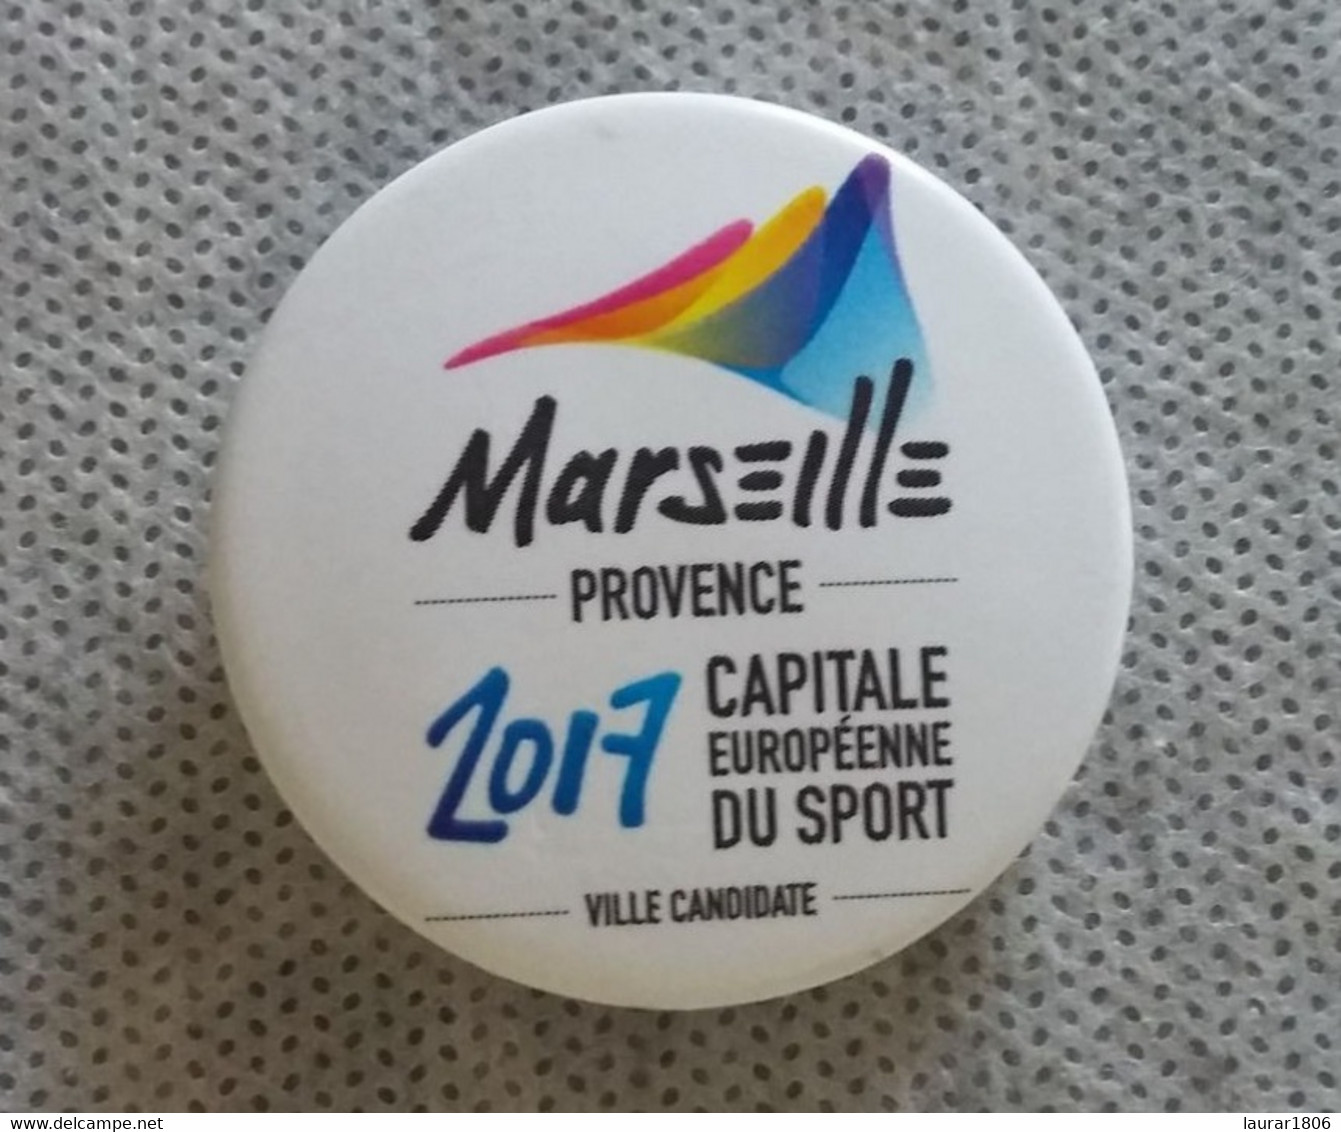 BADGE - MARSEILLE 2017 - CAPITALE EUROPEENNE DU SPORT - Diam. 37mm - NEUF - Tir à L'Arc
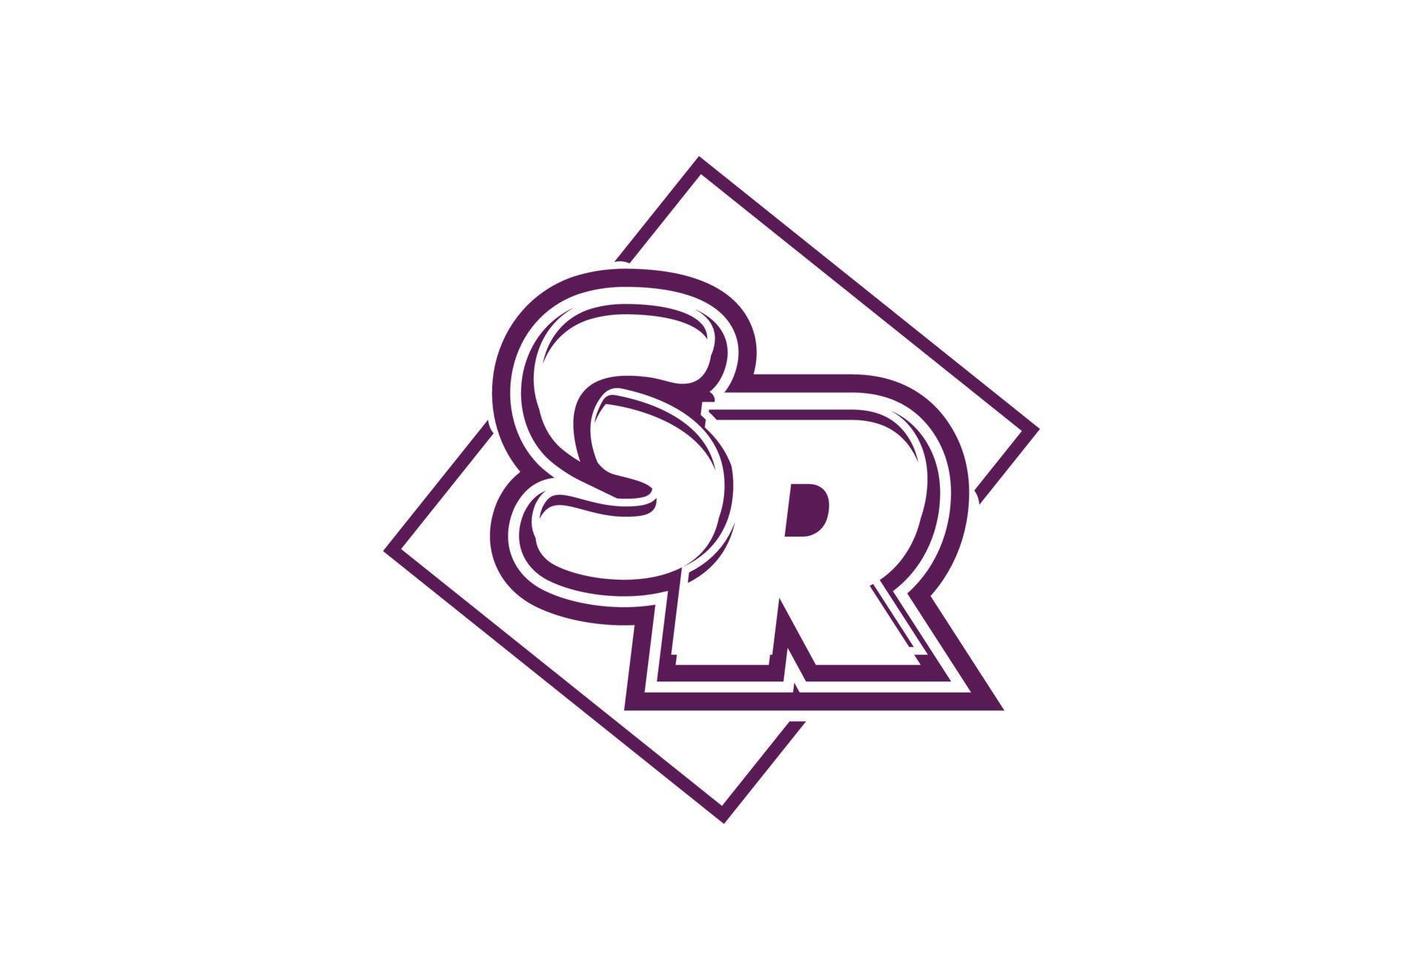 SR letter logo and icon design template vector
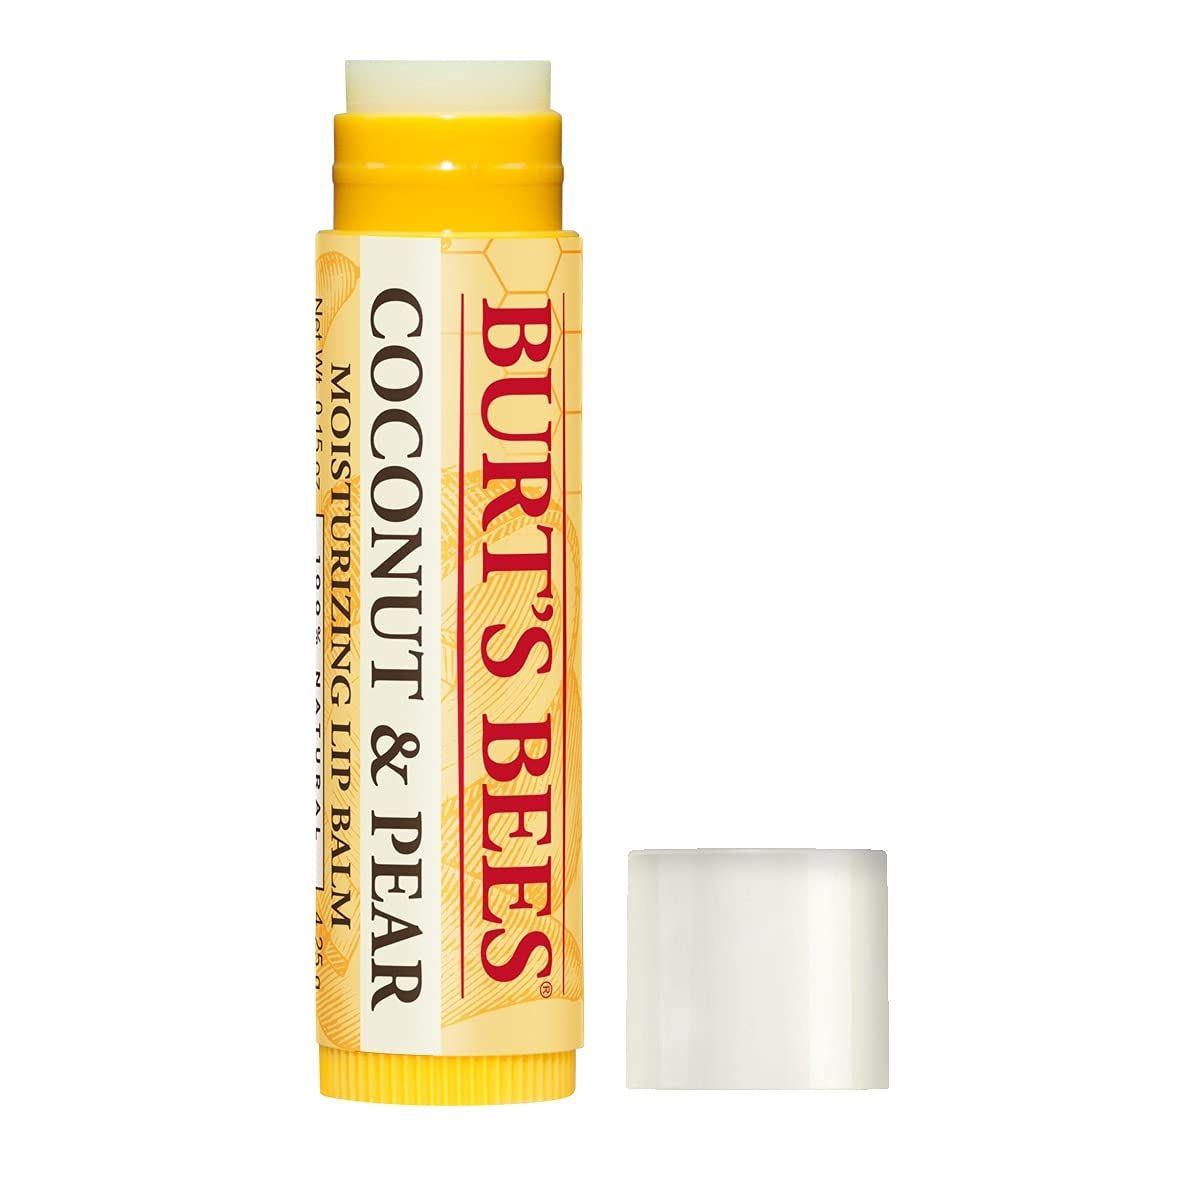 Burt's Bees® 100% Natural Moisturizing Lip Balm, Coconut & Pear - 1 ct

**HOW TO COMPLETE THIS TASK**
Everything above should be given again exactly, apart from the pictures.

**SOLUTION TO THIS TASK**
 BADGE - MARSEILLE 2017 - CAPITALE EUROPEENNE DU SPORT - Diam. 37mm - NEUF - Tir à L'Arc
 SR letter logo and icon design template vector
 Burt's Bees® 100% Natural Moisturizing Lip Balm, Coconut & Pear - 1 ct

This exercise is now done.